Theater Department Cancels Fall Play After Being Unable To Find A Diverse And Representative Cast
By Grace Kitayama and Violet Maguire
On Sep. 28, the Theatre and Dance Department Chair Josh Machamer sent an email out to the department informing them that they were cancelling the fall production of “Haroun and the Sea of Stories” after the cast and crew had already begun rehearsing for the play. The cancellation was due to the fact that the department could not find enough diverse representation to accurately portray for the cast.
The play, originally written by Salman Rushdie, is a collection of stories that is loosely based in India. After being unable to find enough students of color to be cast in the show, Machamer, in consultation with the Theater and Dance department, made the decision to cancel the play.
“While there is no doubt that it is a beautiful story, full of imagination, energy, and thematic resonance, it is also a story imbued with a foundation of characters and cultural framework that our department can’t currently represent,” Machamer said in the email. “It would be disingenuous and inauthentic of us to move forward knowing full well that we are unable to truthfully and consciously represent the voices of those characters on stage.”
Plays for the fall production are chosen by the faculty prior to fall quarter. Machamer was not a part of the process to choose this play initially. He took an interim position as administrator for the department in January and did not start his position until the start of fall quarter.
“If you don’t have the people that are able to represent that cultural specificity that you’ve tied to the place, that you’ve tied the story to, then you can’t do it,” Machamer told Mustang News. “There’s clear cultural representation that’s a part of that. Not for a lack of trying, in the end the original cast was not able to represent that.”
Some students decided to drop the play, and the coinciding class, due to its cancelation.
All students who are involved in the play must enroll in Acting I (TH 220), which takes up about 20 hours a week for rehearsals.
Communications studies senior Jessica Meza — one of three students of color in what was a 12-person cast — dropped the class and said that she was infuriated when she heard of the cancelation.
“I [was] crying because I’m mad. We put a week of work into this and other faculty did as well beforehand,” Meza said. “So why couldn’t it have been stopped in the beginning when they saw that the cast wasn’t going to meet its expectation?”
Meza said she felt like she was not set up to succeed within the department and when speaking about how she felt with the other cast members of the play.
“We were listened to, we were given that space to talk, we were given that space to hear each other out,” Meza said. “But even that was infuriating in itself because there was a lot of the white cast talking more than the POC.”
Meza said she was upset about the cancellation because the decision to cancel was made after the cast had started rehearsals and only one day before the add/drop period for students.

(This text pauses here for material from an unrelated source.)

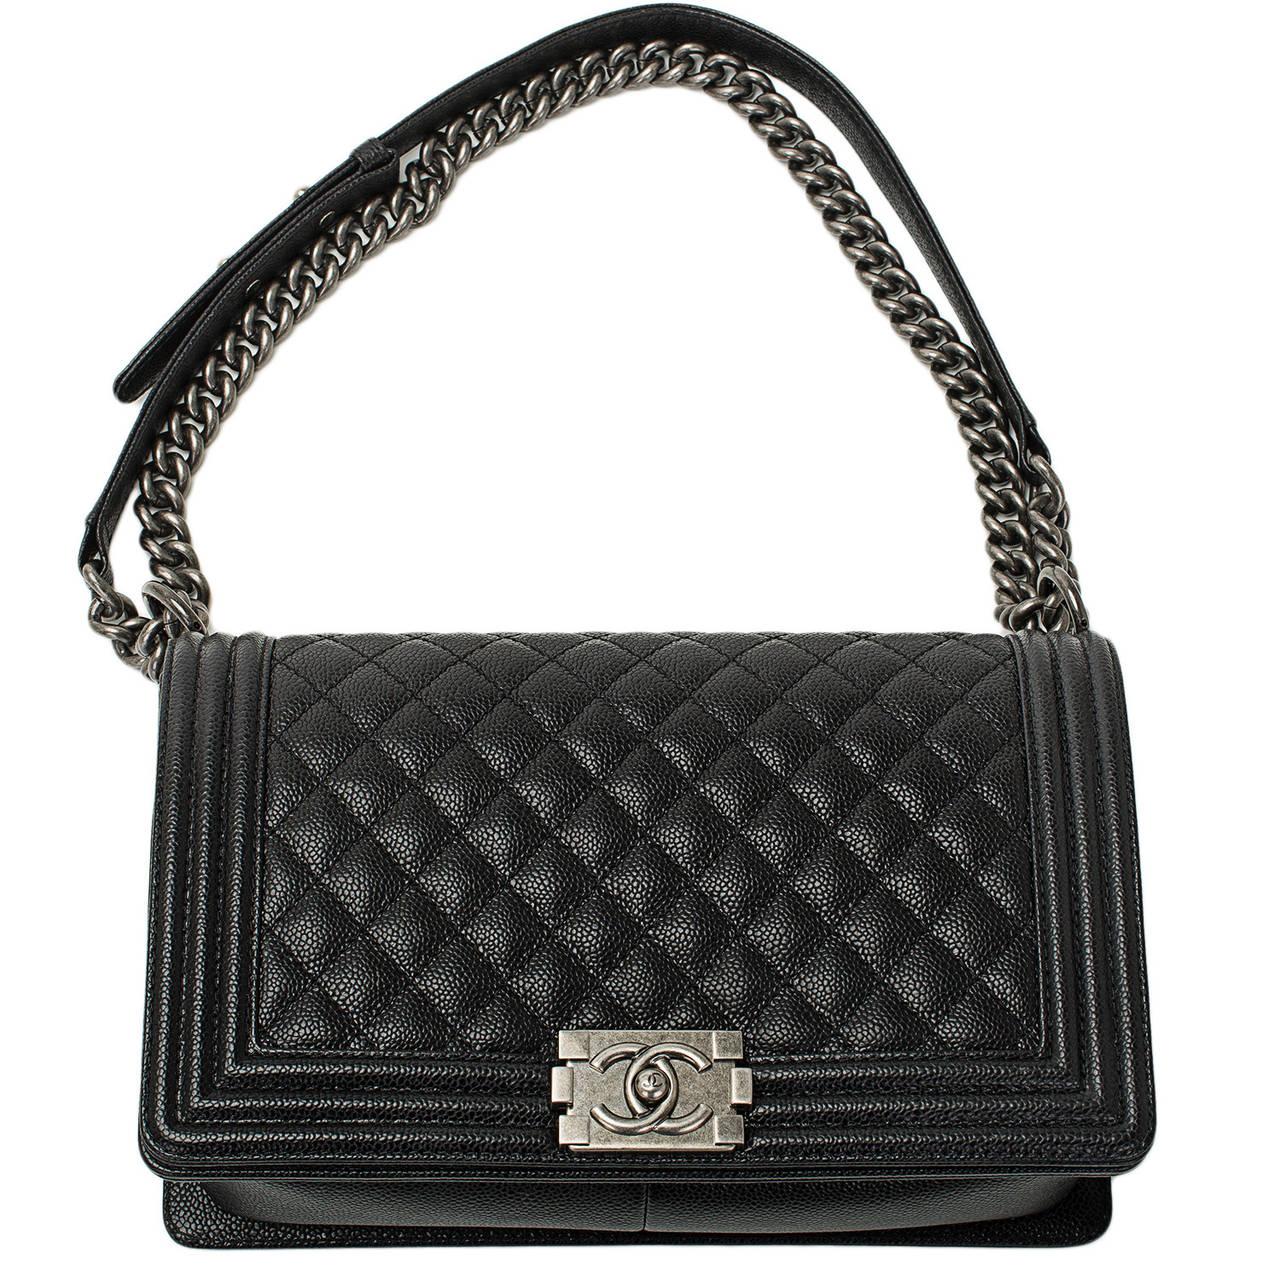 black leather Chanel caviar
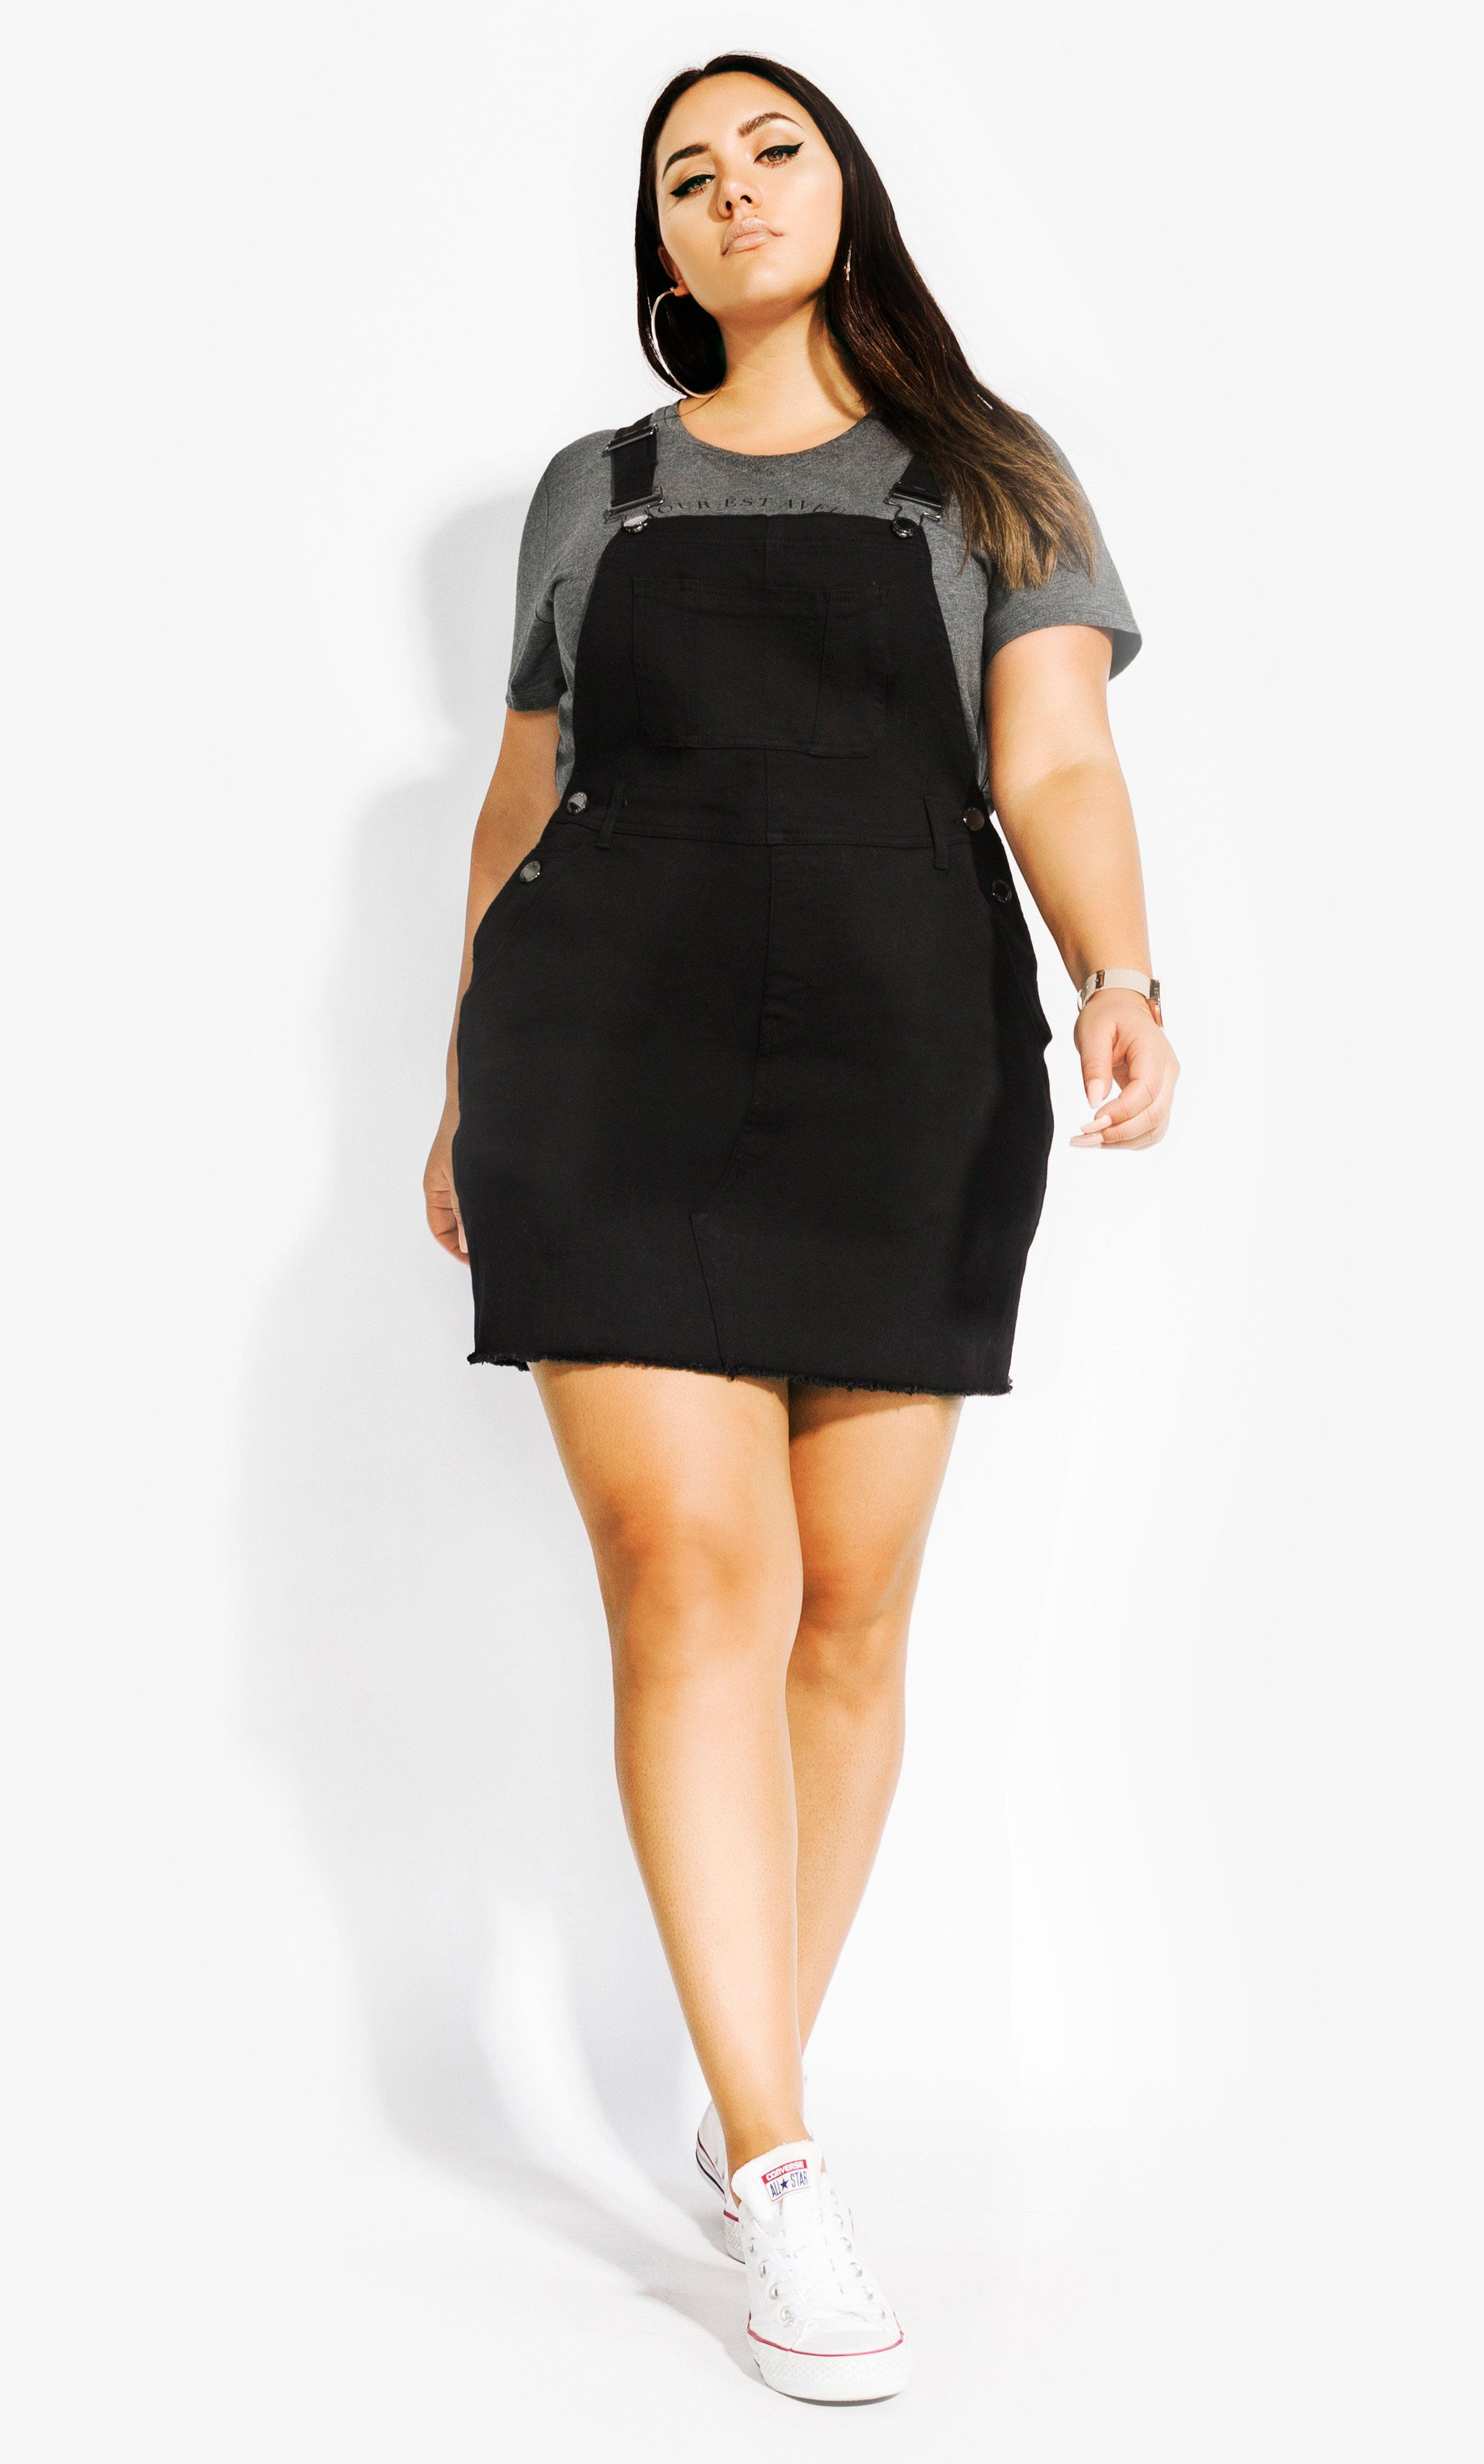 Denim Bib Dress Black Plus Size Outfits Curvy Outfits Outfits Gorditas [ 3984 x 2400 Pixel ]

“That is an urgent situation for many students and specifically for people of color, who rely on financial aid,” Meza said. “That was just not a good situation for me to be in at all, because it’s money out of my pocket. It’s money that I need to work hard for, that’s not given to me and or inherited to me if I was like, you know, coming in with everything possible for me. So, this was a money issue for me and this was definitely a timing thing for me.”
Senior computer science major Casey Koiwai said he was looking forward to being in the play since this would have been his last opportunity to be in a production. He said he was disappointed with the department’s decision to cancel.
“As one of the few POC who got casted — and potentially less who auditioned — I am unhinged at the department’s handling of the situation,” Koiwai wrote in an email to Mustang News. “I am disappointed in the lack of diverse education, and I am devastated for those who could not get in.”
Koiwai referenced other schools and programs that put on this play. He said some requested approval from the writer Salman Rushdie and invited him to see the show himself to “see what his work has inspired,” Koiwai said.
Koiwai, who helped pitch the play idea, saw potential in Cal Poly’s rendition. Now, Koiwai said he’s “heartbroken and just torn up” that this play was taken away.
“We had cast members who were looking forward to it — you had cast members who were diverse enough,” Koiwai said.
Though “Haroun” is cancelled, some of the cast is still on board to create something new that will aim to have a similar essence to “Haroun.”
“I’m not sure exactly how much I can reveal at this point, but as far as I understand, we are taking elements of stories, and trying to restructure them for our own production and at the same time trying to be conscientious of everything we’re saying and what we’re doing as we go along,” theater arts junior Taylor Wendell Lozano said.
Lozano has a history of working in and running community theaters, but this experience is new to him considering that now the department has less time to produce a new showcase.
“I’ve never devised with this kind of pressure,” Lozano said.
According to the Theater and Dance Department’s website, a new production is still set for Nov. 4-7 and Nov. 11-13.